_What the task requires:_ With the line containing "Aufbau Eines Kühlschrank" as the start and the line containing "jardim quintal grande : jardim" as the end, transcribe that span of the entries below exactly, including both.

_Material shown:_
---+---

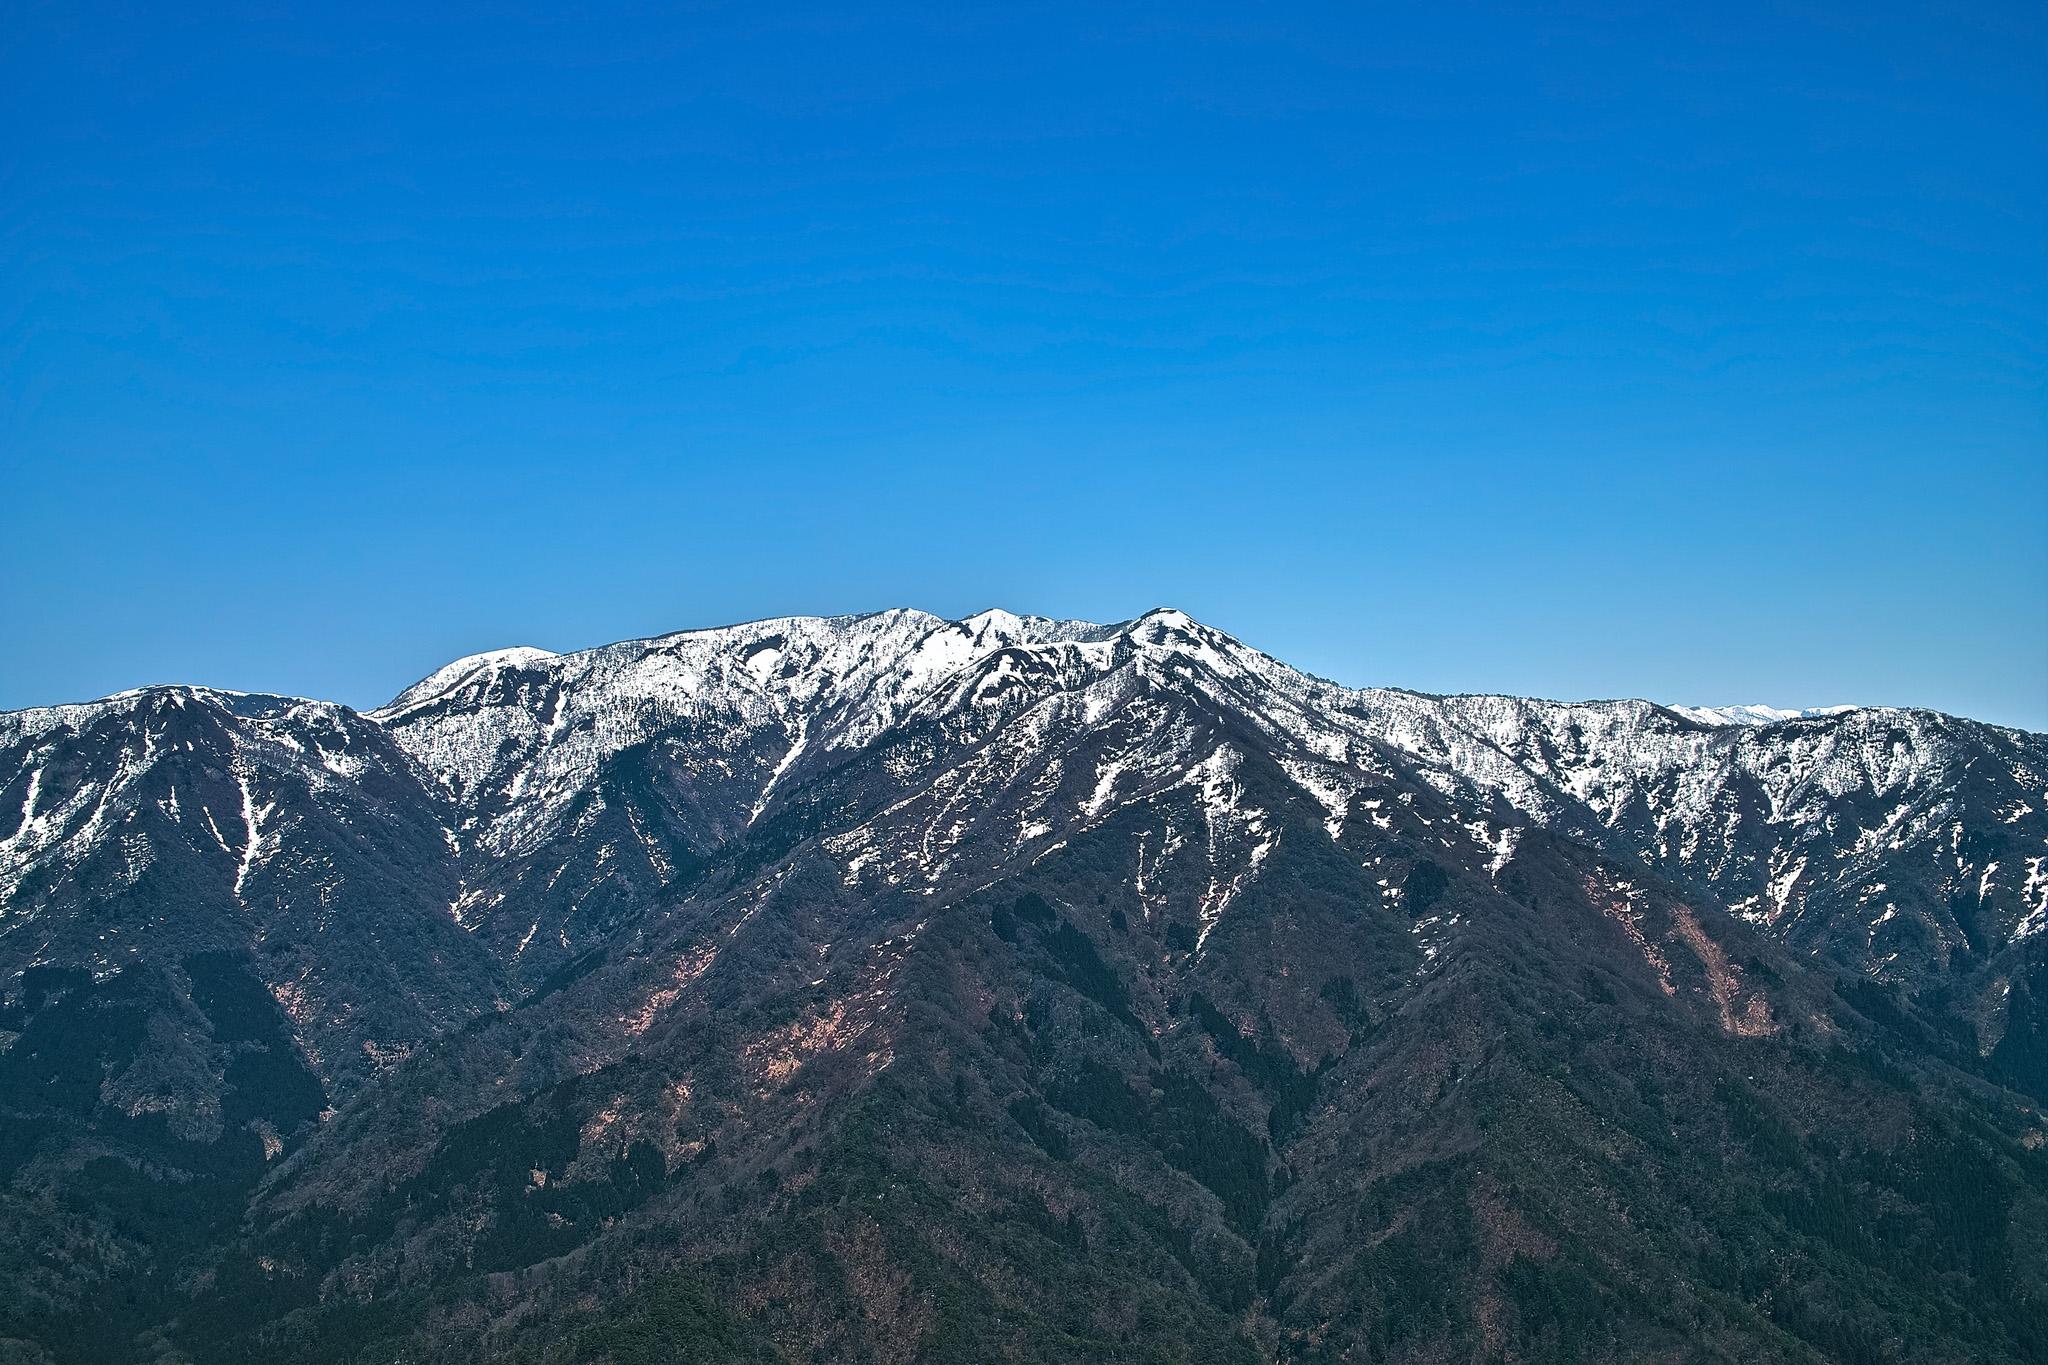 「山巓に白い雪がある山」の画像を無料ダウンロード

---+---

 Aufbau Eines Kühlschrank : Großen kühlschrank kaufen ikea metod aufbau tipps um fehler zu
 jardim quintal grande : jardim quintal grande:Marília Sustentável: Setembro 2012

---+---

_Written answer:_
 Aufbau Eines Kühlschrank : Großen kühlschrank kaufen ikea metod aufbau tipps um fehler zu
 jardim quintal grande : jardim quintal grande:Marília Sustentável: Setembro 2012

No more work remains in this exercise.